The `pipelineServiceClientConfiguration` will look like the following:
```yaml
pipelineServiceClientConfiguration:
[...]
parameters:
username: ${AIRFLOW_USERNAME:-admin}
password: ${AIRFLOW_PASSWORD:-admin}
timeout: ${AIRFLOW_TIMEOUT:-10}
# If we need to use SSL to reach Airflow
truststorePath: ${AIRFLOW_TRUST_STORE_PATH:-""}
truststorePassword: ${AIRFLOW_TRUST_STORE_PASSWORD:-""}
```
Update the `truststorePath` and `truststorePassword` accordingly, pointing to the `keystore` in your server host
holding the certificates we created.
For docker deployments, you will provide OpenMetadata Server Application with the self signed certificates of Airflow bundled in JVM keystore.
These will be passed to the application using `AIRFLOW_TRUST_STORE_PATH` and `AIRFLOW_TRUST_STORE_PASSWORD` environment variable.
```
AIRFLOW_TRUST_STORE_PATH="<path/to/truststore.jks>"
AIRFLOW_TRUST_STORE_PASSWORD="<JVM_TRUSTSTORE_PASSWORD>"
```
Please make sure to have the the truststore file mounted and available as part of Docker Deployments.

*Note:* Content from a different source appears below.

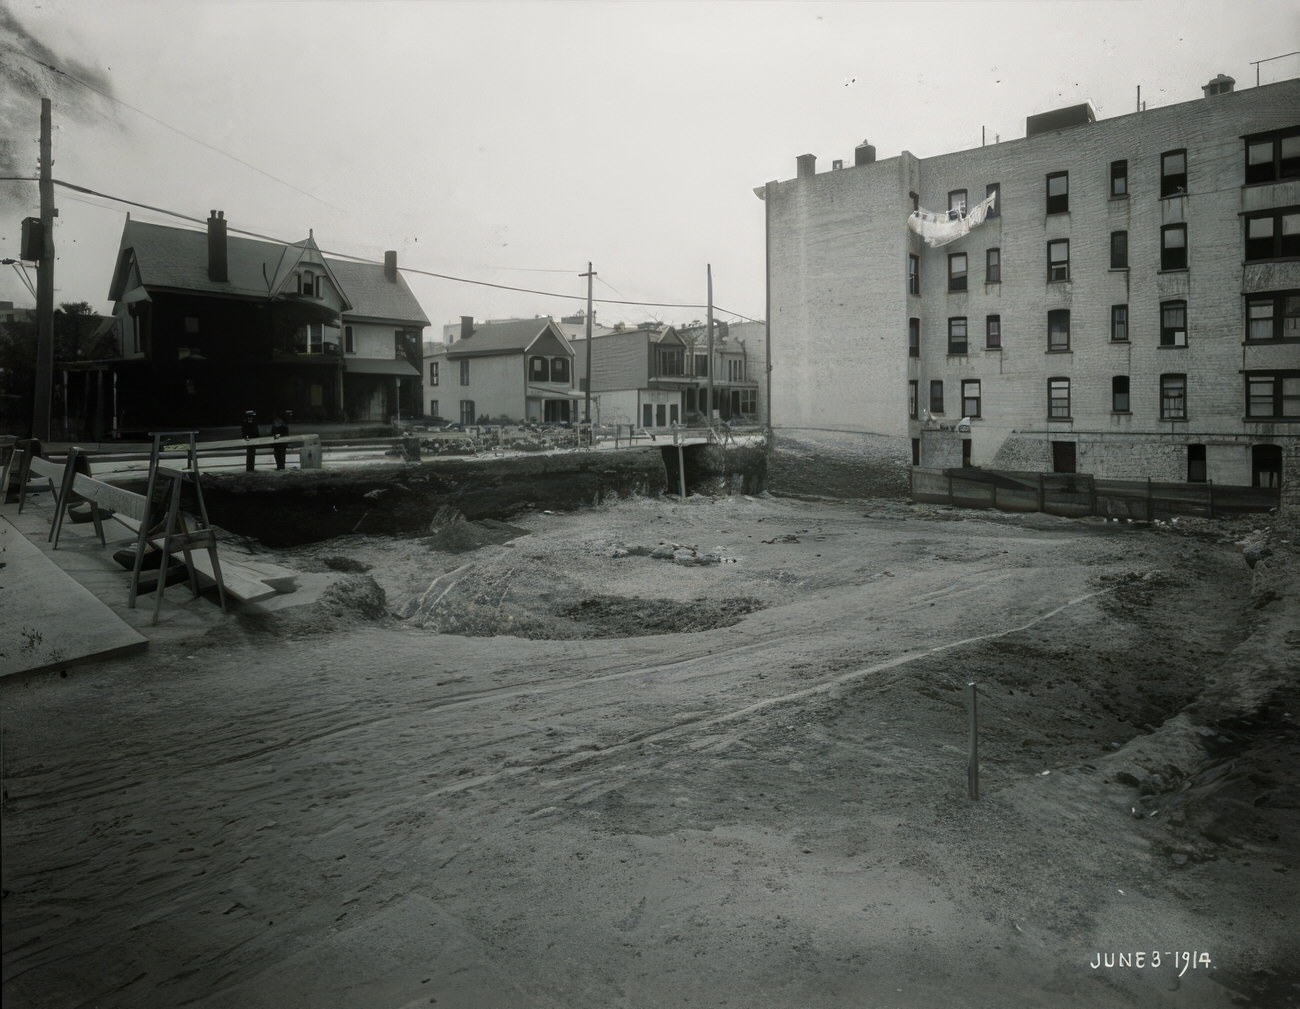 Parochial School Under Construction At 183Rd Street And Washington Avenue, 1914.

For kubernetes deployments, update the helm values as below -
```yaml
extraEnvs:
- name: AIRFLOW_TRUST_STORE_PASSWORD
valueFrom:
secretKeyRef:
name: truststore-password-secret
key: password
- name: AIRFLOW_TRUST_STORE_PATH
value: "/etc/openmetadata/certs/truststore.jks>"
extraVolumes:
- name: jks-vol
secret:
secretName: jks-certs
extraVolumeMounts:
- name: jks-vol
mountPath: /etc/openmetadata/certs
readOnly: true
```
In the above code snippet, we are mounting the volumes of truststore file from a kubernetes secret. You can create the secret from `truststore.jks` file from the below `kubectl` command -
```bash
kubectl create secret generic jks-certs --from-file truststore.jks --namespace <NAMESPACE_NAME>
kubectl create secret generic truststore-password-secret --from-literal password=<YOUR_TRUSTSTORE_PASSWORD> --namespace <NAMESPACE_NAME>
```
Next, restart or redeploy openmetadata application to take the above configs in effect.
### Example: Setting it locally
For example, if we are running the server locally, we need to add the certificate to the JVM `cacerts` store:
```bash
sudo keytool -import -trustcacerts -keystore cacerts -storepass changeit -noprompt -alias localhost -file /path/to/airflow.crt
```
Then, the values of the YAML config would be something similar to:
```yaml
truststorePath: "/Library/Java/JavaVirtualMachines/amazon-corretto-11.jdk/Contents/Home/lib/security/cacerts"
truststorePassword: "changeit"
```
Make sure to update these values to the ones in your host. Also, it's always preferred to use environment variables
instead of hardcoding sensitive information.